The museum contains numerous exhibitions on Indonesian military history. It includes a room dedicated to squadron banners, one dedicated to artifacts belonging to General Oerip Soemohardjo (the military's first Chief of Staff), General of the Army Sudirman (the military's first commander in chief), General Abdul Haris Nasution, and General Suharto. A nearby area contains hundreds of rifles, grenades, sharpened bamboo sticks, and other weapons dating from the 1940s and later. A Hall of Heroes holds life-size statues of members of the military who have been declared National Heroes of Indonesia, with Sudirman and Oerip in places of honour at the back of the hall.

There are also 75 dioramas of pre-independence rebellions, the seconds leading to the proclamation of independence, the national revolution, and military efforts after the revolution. The dioramas were created by craftsmen from Yogyakarta. Further exhibitions in the building are photographic.

It also includes several war machines, mostly on the museum grounds.

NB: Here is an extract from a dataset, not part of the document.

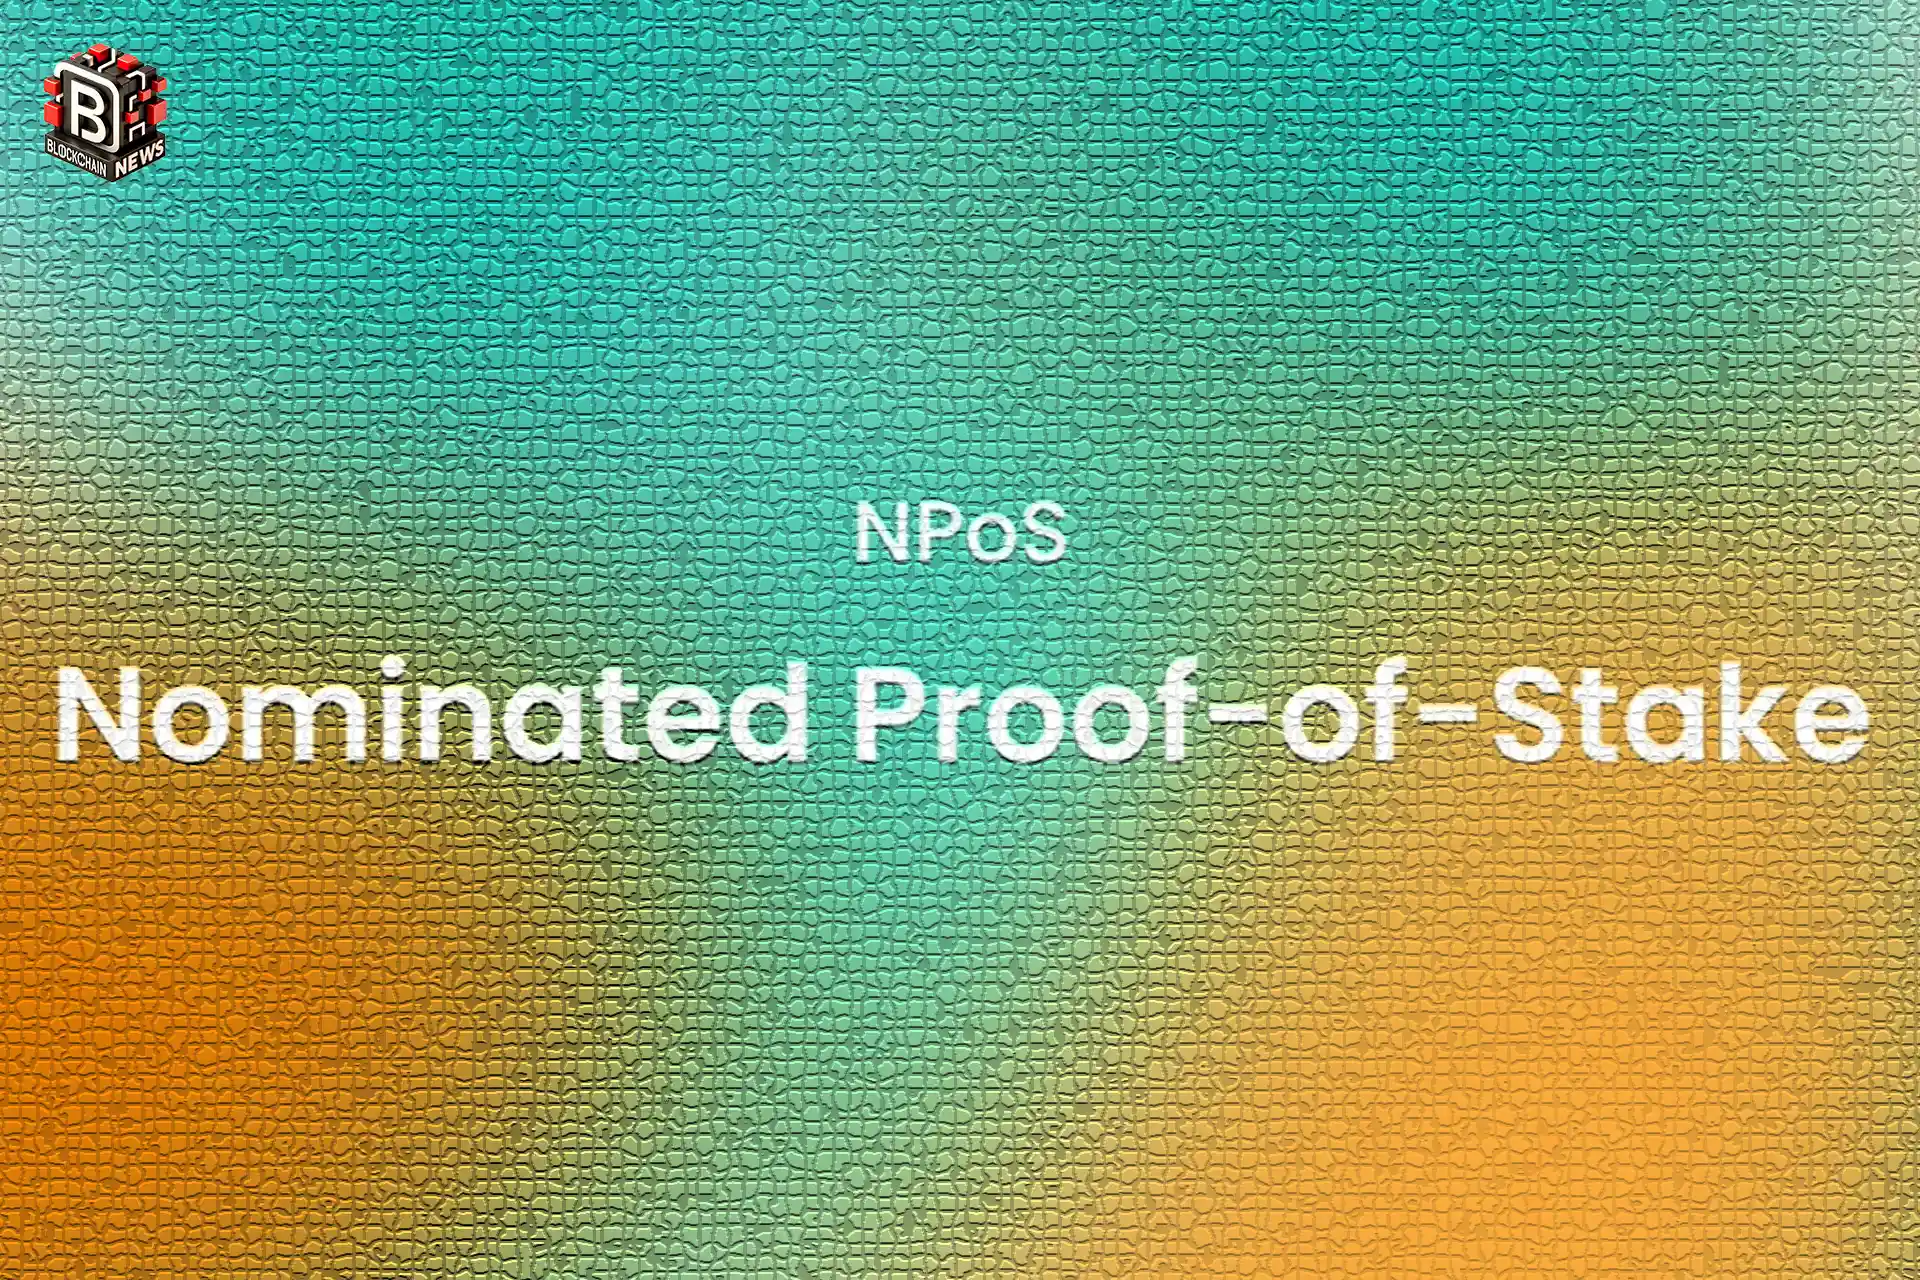 Nominated-Proof-of-Stake

This includes the ship KRI Pattimura, which saw action in Papua; aircraft such as the Yokosuka K5Y1, Mansyu Ki-79, North American AT-16 Harvard, North American B-25 Mitchell, North American P-51 Mustang, Piper Cub, Douglas C-47 Skytrain, Fairey Gannet, and the Mil Mi-4 & Bell 204 helicopter; and land machines such as tanks, ambulances, and a Willys MB belonging to Sudirman.

Waspada Purbawisesa, a five-story pentagon-shaped museum houses dioramas and artifacts from military conflicts against Islamic groups, both conservative and extremist. It includes artifacts from the defeat of the Darul Islam revolt and dioramas of other military conflicts with Islamic groups.

==Noteworthy collections==
- A draft of the Proclamation of Indonesian Independence in Sukarno's handwriting
- The litter in which General Sudirman was carried during his seven months as a guerrilla
- RI Seulawah 1, a Douglas C-47 Skytrain that became The first Presidential Aircraft of the Indonesian Government
- Soviet Weapons and Equipment That have been used During Operation Trikora
- An A-4E Skyhawk TT-0438. Acquired from Israel to replace the Soviet built aircraft.